TASK REQUIREMENTS =>
In the entries that follow, find the line containing "Avtale om makeskifte" and the line containing "El desarrollo de", then retype exactly the lines from the first through the second, pictures excluded.

RECORDS SUPPLIED =>
********
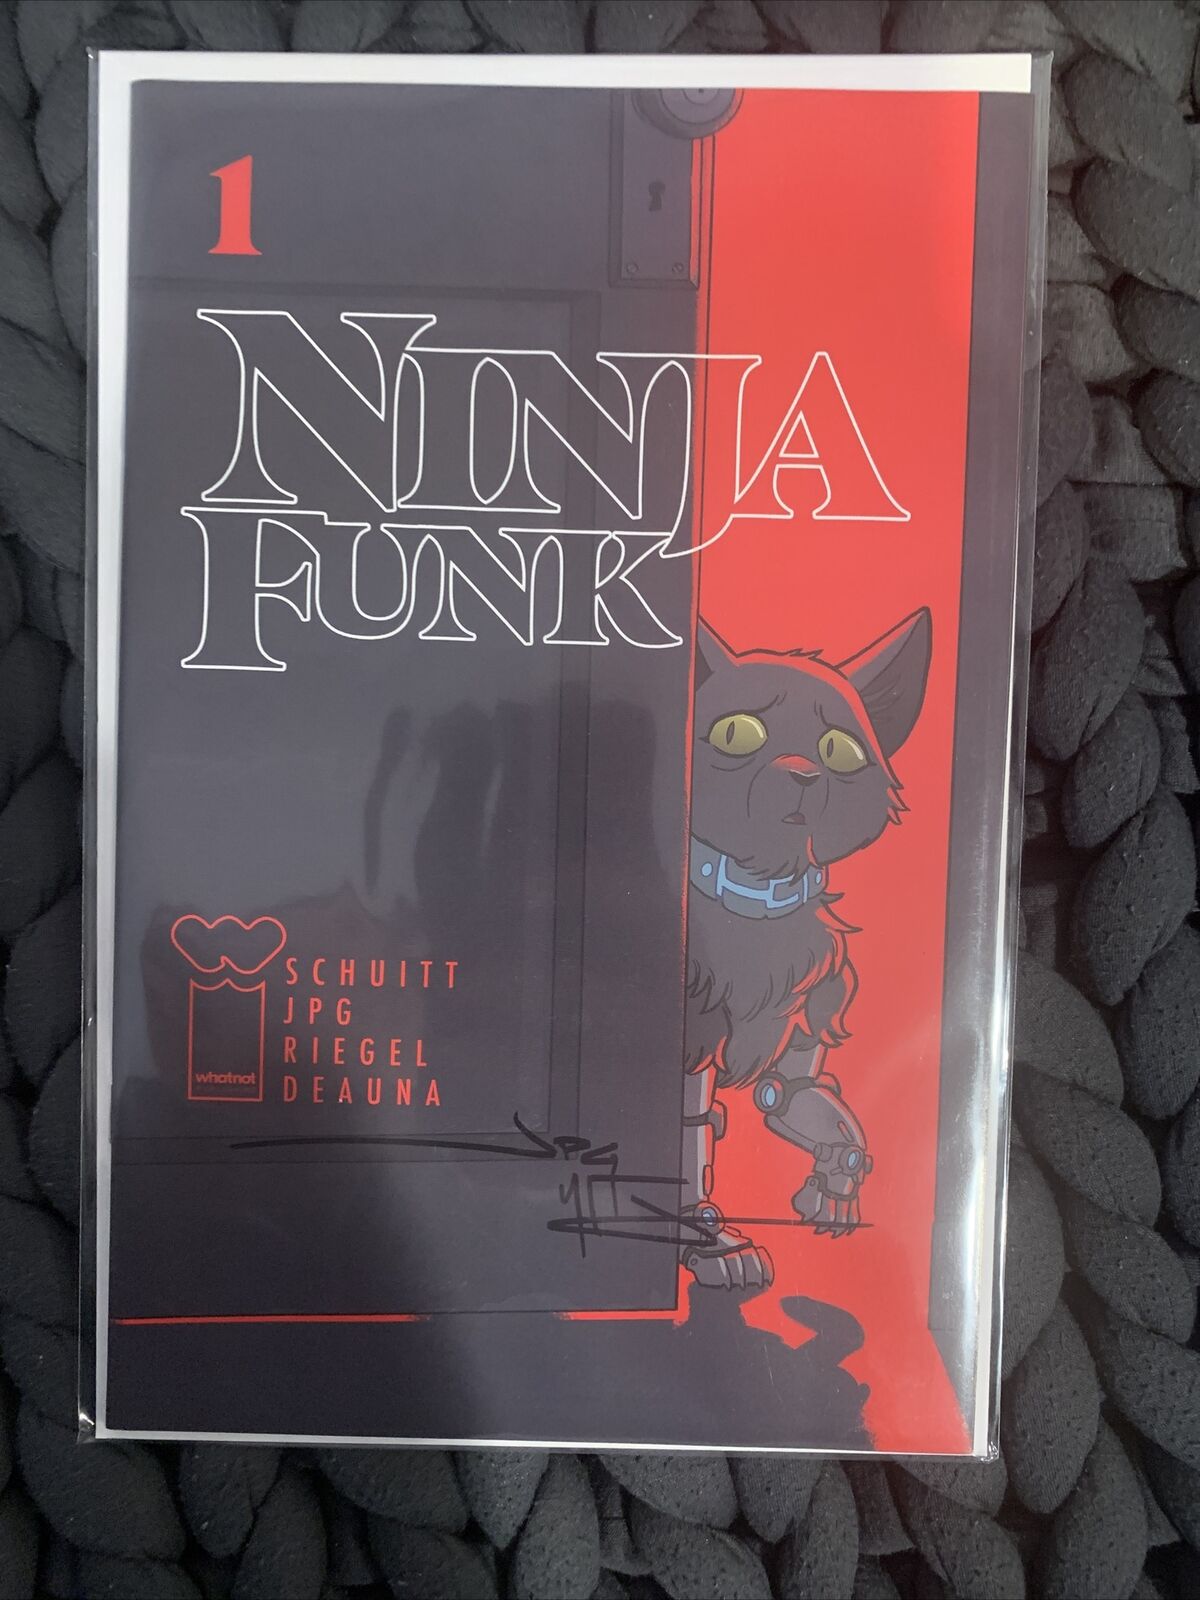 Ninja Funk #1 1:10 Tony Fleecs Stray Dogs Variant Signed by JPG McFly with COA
********
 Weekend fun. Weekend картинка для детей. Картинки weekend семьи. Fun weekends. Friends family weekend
********
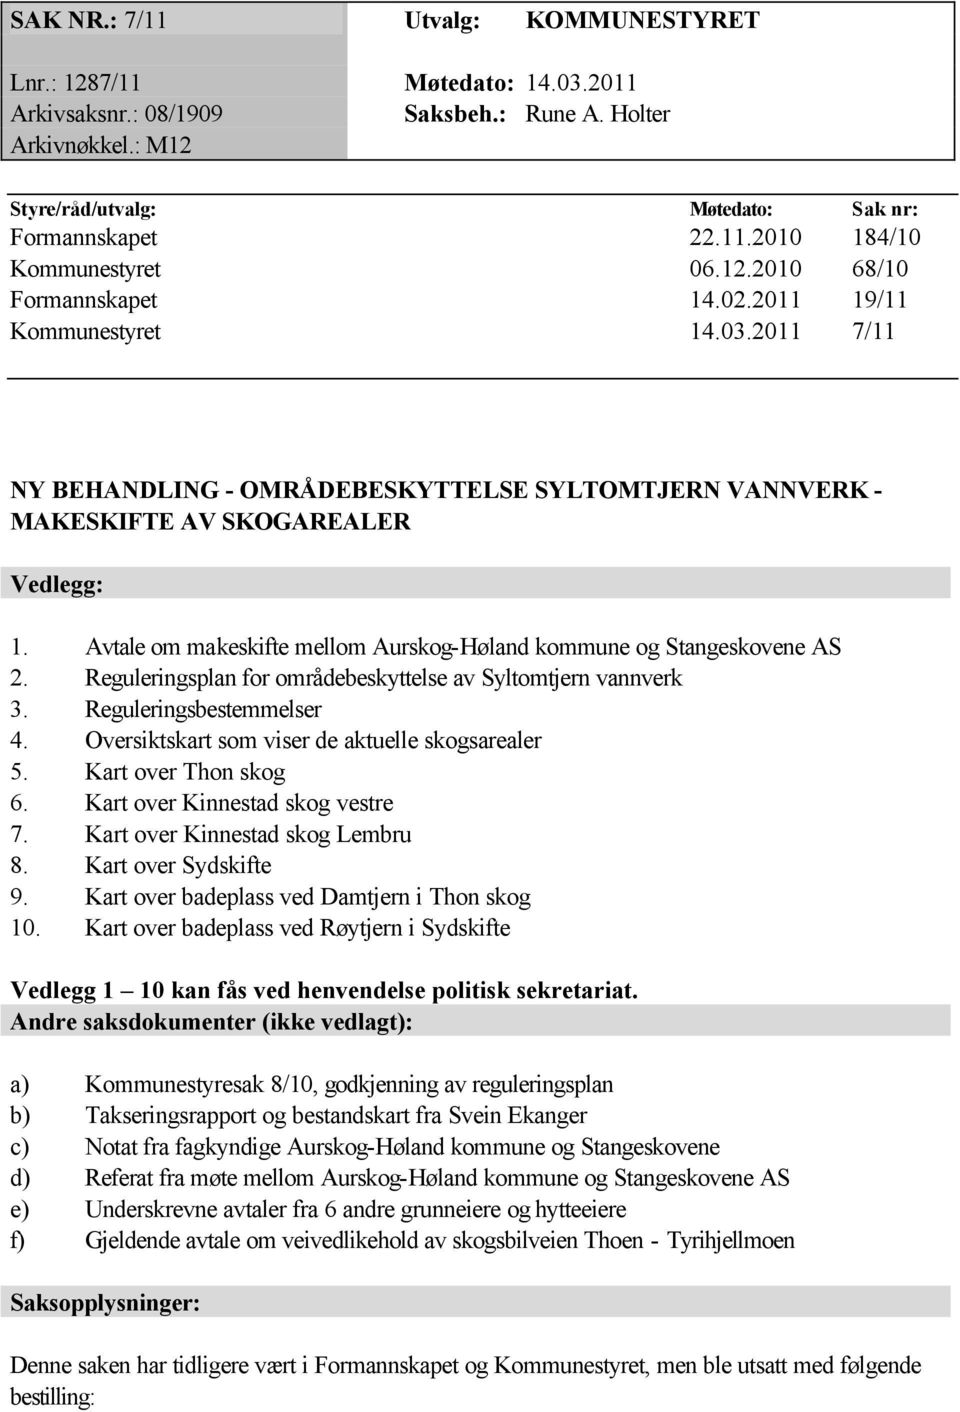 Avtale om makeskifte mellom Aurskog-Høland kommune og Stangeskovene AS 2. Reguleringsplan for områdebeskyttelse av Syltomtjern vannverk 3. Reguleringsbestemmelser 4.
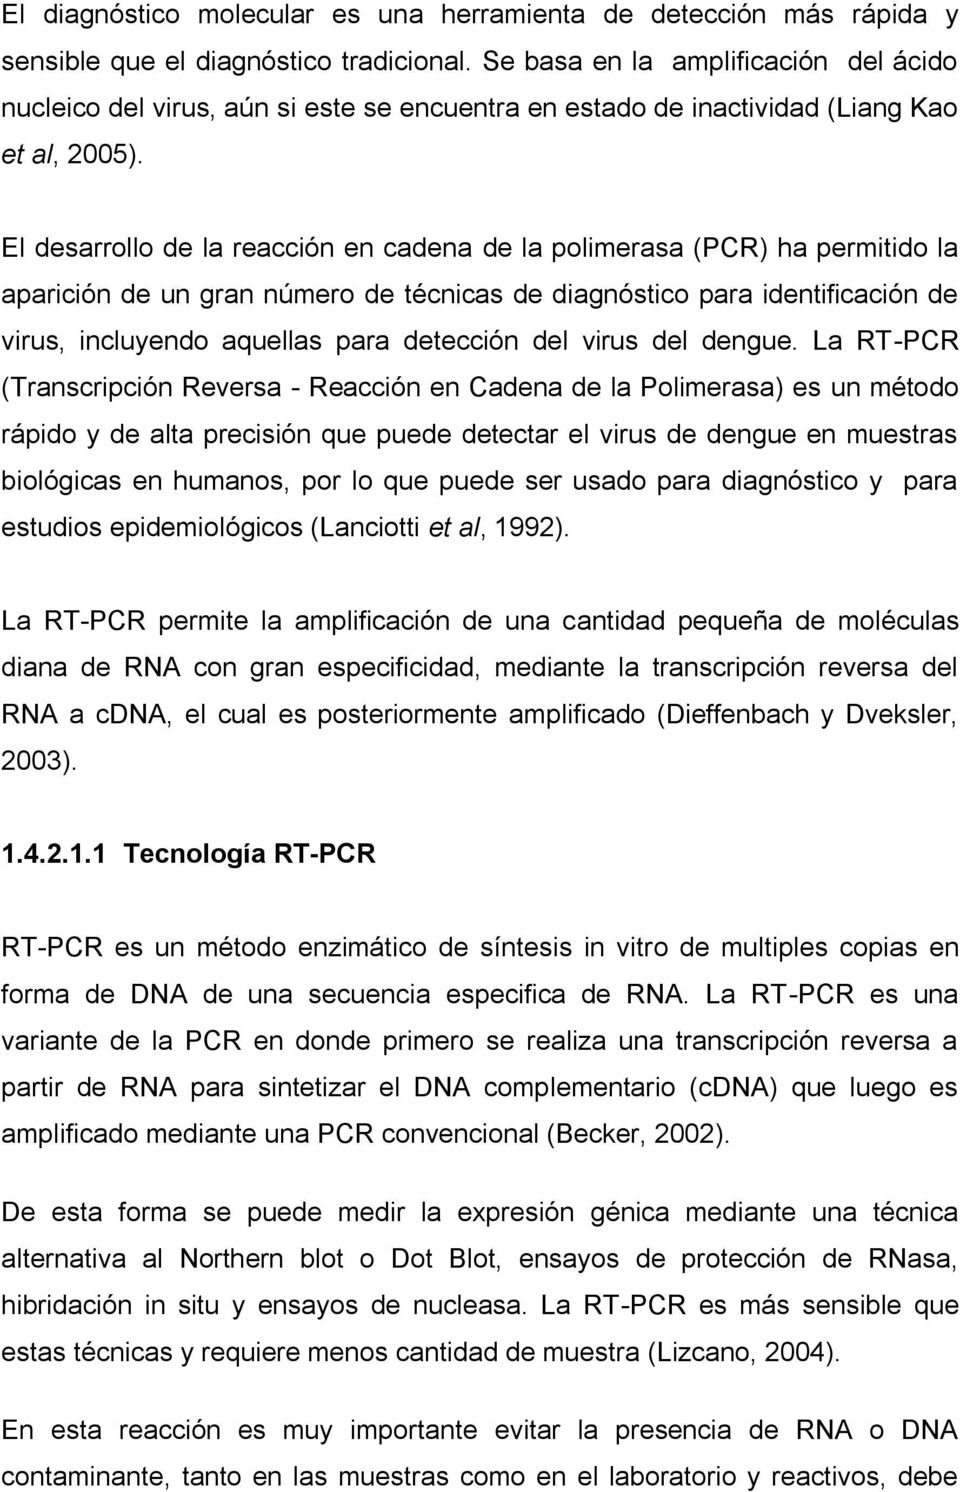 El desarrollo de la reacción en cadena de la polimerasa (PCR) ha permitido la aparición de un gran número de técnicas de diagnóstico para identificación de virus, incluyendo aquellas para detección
********
THE COMPLETED TASK =>
 Avtale om makeskifte mellom Aurskog-Høland kommune og Stangeskovene AS 2. Reguleringsplan for områdebeskyttelse av Syltomtjern vannverk 3. Reguleringsbestemmelser 4.
 El desarrollo de la reacción en cadena de la polimerasa (PCR) ha permitido la aparición de un gran número de técnicas de diagnóstico para identificación de virus, incluyendo aquellas para detección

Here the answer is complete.